= 2019 Agile Lohas World 4 Hours of Shanghai =

Track map of the Shanghai International Circuit

The 2019 4 Hours of Shanghai was an endurance sportscar racing event held on November 24, 2019, at Shanghai International Circuit in Shanghai, China. It served as the first round of the 2019–20 Asian Le Mans Series.

== Schedule ==

| Date | Time (local: CST) | Event |
| Friday, 22 November | 13:50 | Free Practice 1 |
| Saturday, 23 November | 11:30 | Free Practice 2 |
| 16:00 | Qualifying |
| Sunday, 24 November | 9:45 | Race |
Source:

== Free practice ==

- Only the fastest car in each class is shown.

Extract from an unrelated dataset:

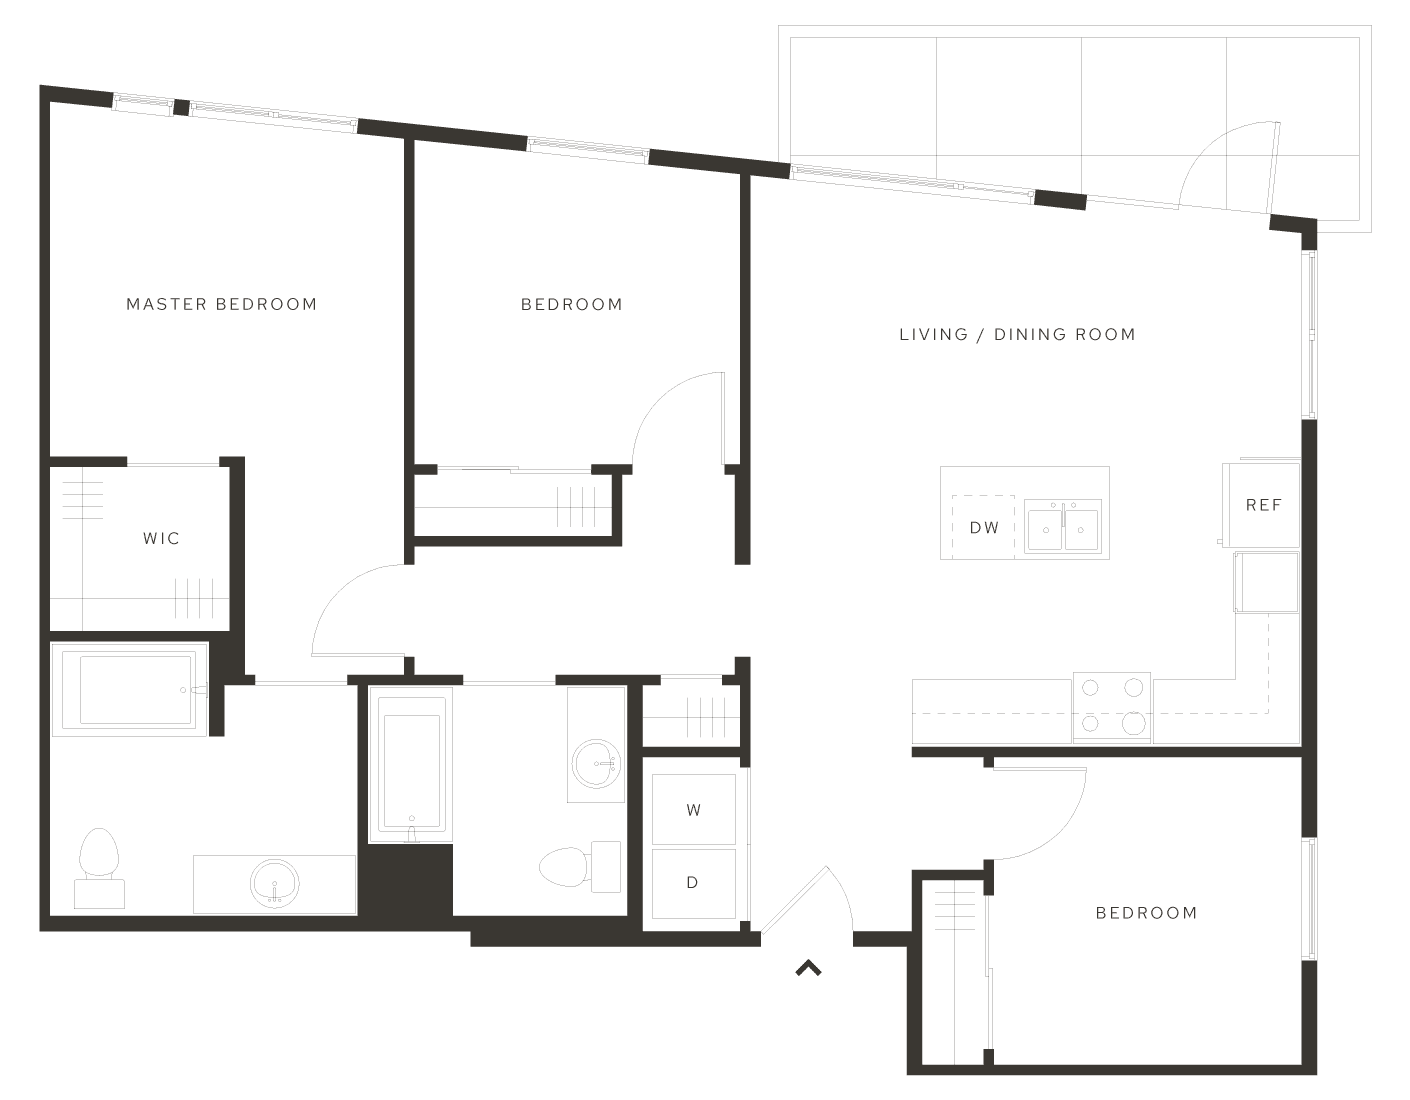 Luxury 3-bedroom apartment floor plan at Avia Salt Lake City

| Free Practice 1 | Class | No. | Entrant | Time |
| LMP2 | 45 | GBR Thunderhead Carlin Racing | 1:53.232 |
| LMP2 Am | 59 | GBR RLR MSport | 1:57.244 |
| LMP3 | 9 | FRA Graff Racing | 2:01.537 |
| GT | 90 | TPE FIST-Team AAI | 2:04.045 |
| GT Am | — |  |  |
| Free Practice 2 | Class | No. | Entrant | Time |
| LMP2 | 26 | RUS G-Drive Racing with Algarve | 1:54.003 |
| LMP2 Am | 59 | GBR RLR MSport | 1:57.553 |
| LMP3 | 3 | GBR Nielsen Racing | 2:02.142 |
| GT | 27 | TPE HubAuto Corsa | 2:04.028 |
| GT Am | 16 | CHN Astro Veloce Motorsport | 2:14.217 |
Source:

==Qualifying results==
Pole positions in each class are indicated in bold.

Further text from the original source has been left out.